The quote of the moment comes from the France’s minister for European Affairs Nathalie Loiseau, who gave the following reason for why she has called her cat “Brexit”:
“He wakes me up every morning meowing to death because he wants to go out, then when I open the door he stays in the middle, undecided, and then gives me an evil look when I put him out.”
Latest Implied Odds From Betting Markets:
A new implied odd has been added to the below, which is the odds of the UK leaving the EU before the end of June.
Figure 1. Implied Probabilities of Brexit Outcomes
Source: Man FRM; As of 28 March Man FRM calculates the implied probabilities of Brexit outcomes using prevailing odds as priced by UK bookmakers, which are collated on a daily basis. The graph presents the implied probabilities of Brexit outcomes averaged across all UK bookmakers for which data is available, over time. This data analysis is based upon information obtained from third-party sources not affiliated with Man FRM. Man FRM cannot guarantee the accuracy of this data and it should not be relied upon by investors.
What Happened Recently?
- The intention had been for May to put her deal forward for a third “meaningful vote” in the week preceding the EU Summit of 20-21 March. There had already been implications that the deal would not be put for a vote, with speculation that post the EU summit, May’s threats of a long extension without her deal would have more weight behind them. The final nail in the coffin was when the Speaker of the House of Commons John Bercow ruled (based on a historical precedent from 1604) that there would need to be changes to the deal before another vote – the rule states that the same motion cannot be voted on more than twice in the same parliamentary session.
- May issued what has been described as a defiant televised statement to the UK on 20 March.
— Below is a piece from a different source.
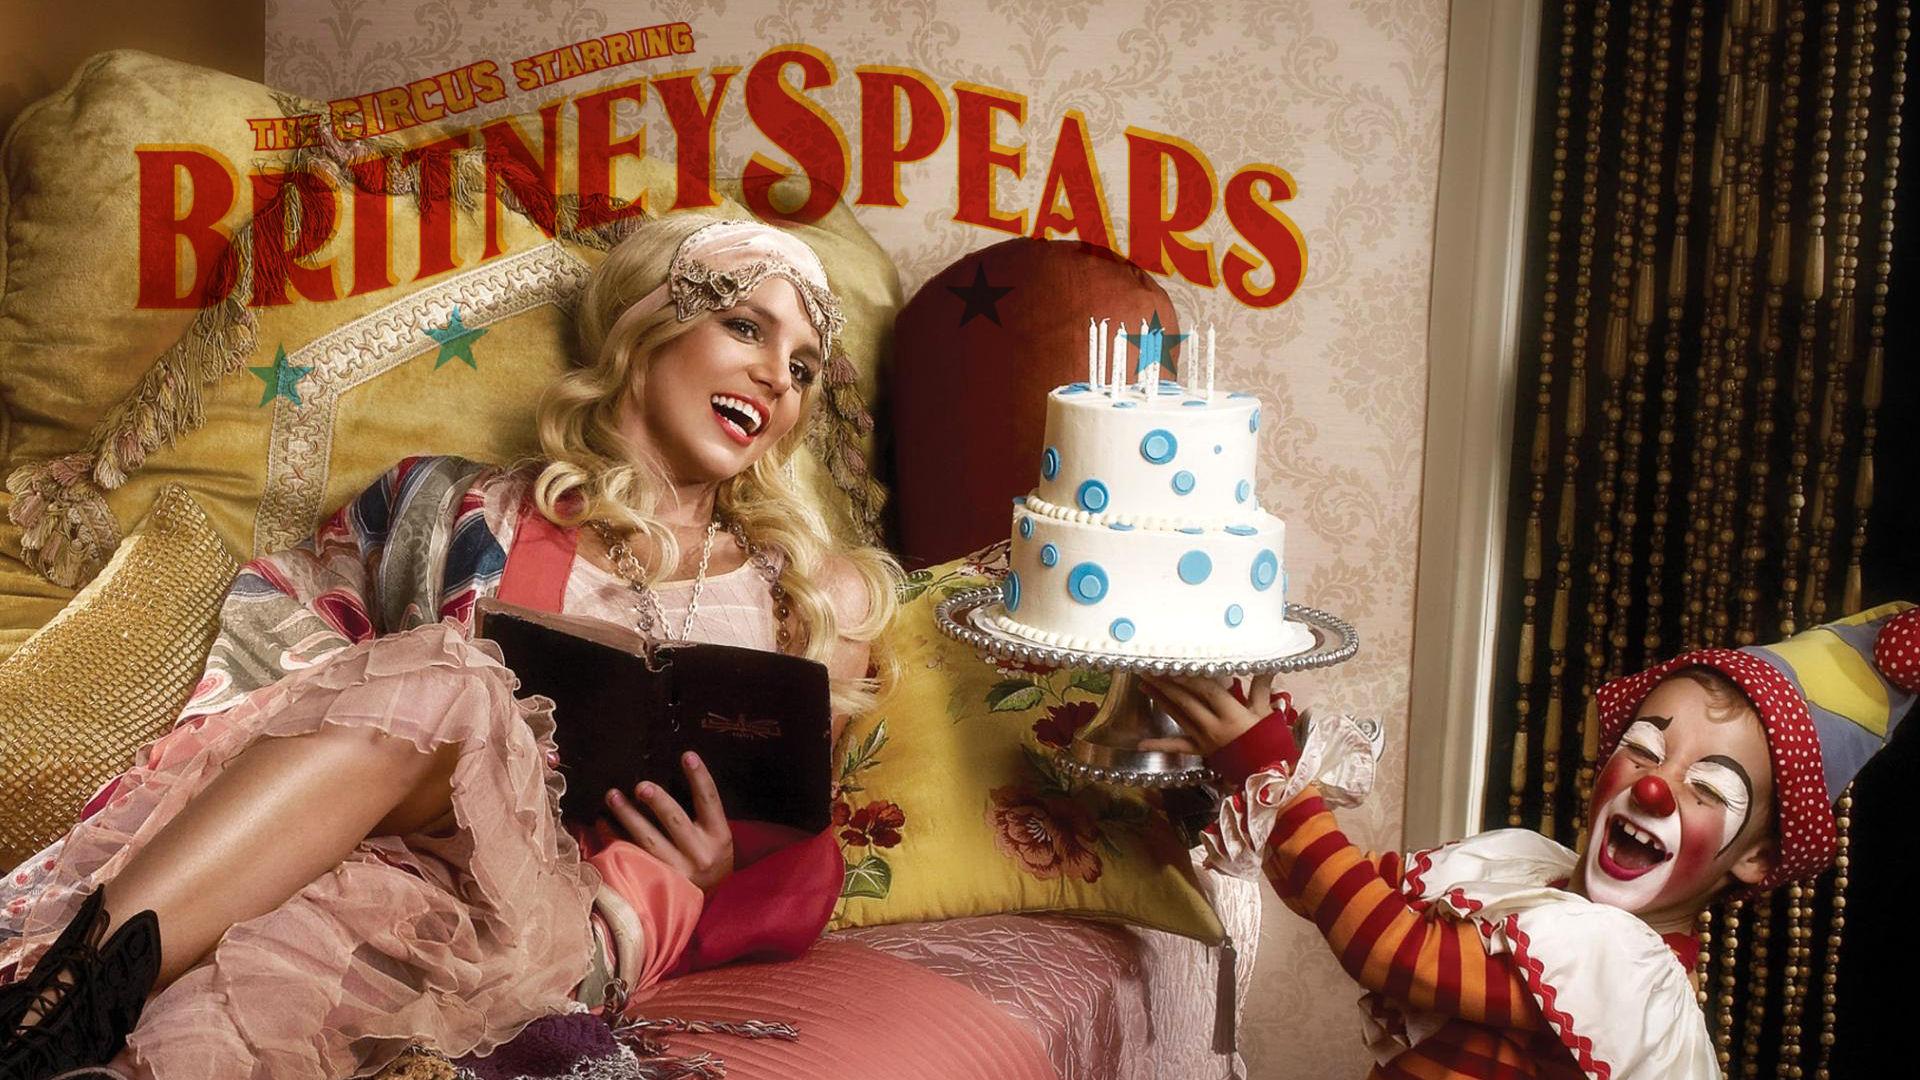 Britney Spears comeback in 2008 'Circus' is tien jaar oud

In the statement, she blamed lawmakers (or politicians) for the current Brexit crisis – whilst (as noted by many commentators) seeming to forget that she is one of them – and telling the British public: “I am on your side”. The statement angered a lot of politicians, who felt that she was trying to put parliament against the people.
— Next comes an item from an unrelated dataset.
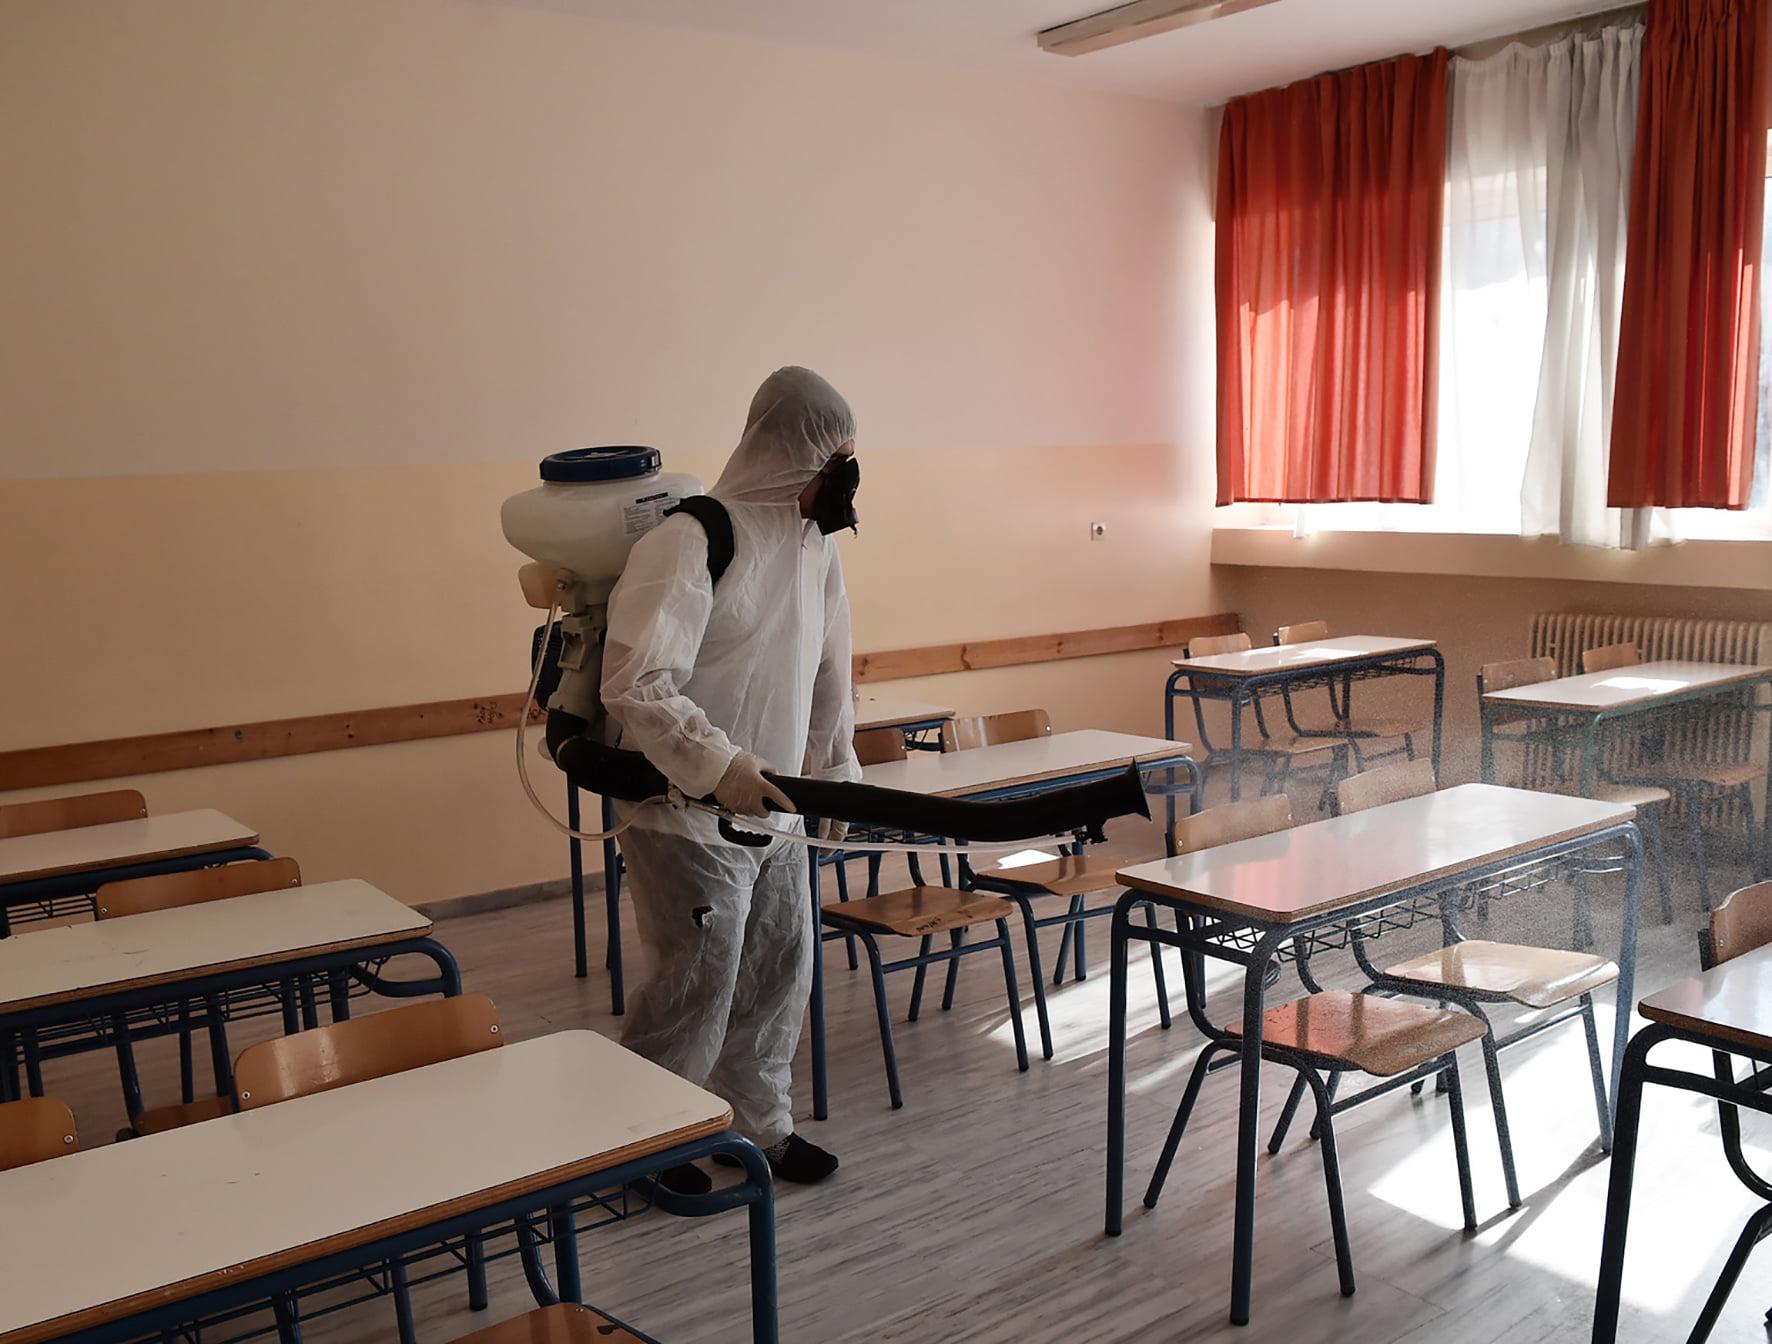 Το κρούσμα στο ΣΕΚ φέρνει καραντίνες μαθητών στο 2ο ΕΠΑΛ Αγρινίου

- May applied to the EU for an extension until 30 June and has been granted an option of two – neither of which are 30 June. If the Withdrawal Agreement is passed by Parliament, Brexit will be delayed until 22 May to allow for an orderly withdrawal. If it is not passed, however, then the extension becomes very short – 12 April. The EU has reiterated that any longer extension would require a change in approach and would also require the UK to take part in the European Parliament elections. There are concerns about granting a short extension that would pass the deadline for needing to take part in the EU parliament elections for two reasons:
- The first is slightly more subjective: the UK has a history of electing anti-EU MEPs to the seats. The EU may be afraid this could become disruptive if the UK took part in the elections;
- Secondly, if the UK did not take part in the elections while remaining a member state, this could have far-reaching implications. It could bring into question the legal validity of the parliament if not all member states were represented and leave the parliament decisions open to challenge through the courts. A report from the Financial Times surrounding an EU document that had been leaked stated that should the UK not participate; the EU would terminate the UK’s membership on 1 July.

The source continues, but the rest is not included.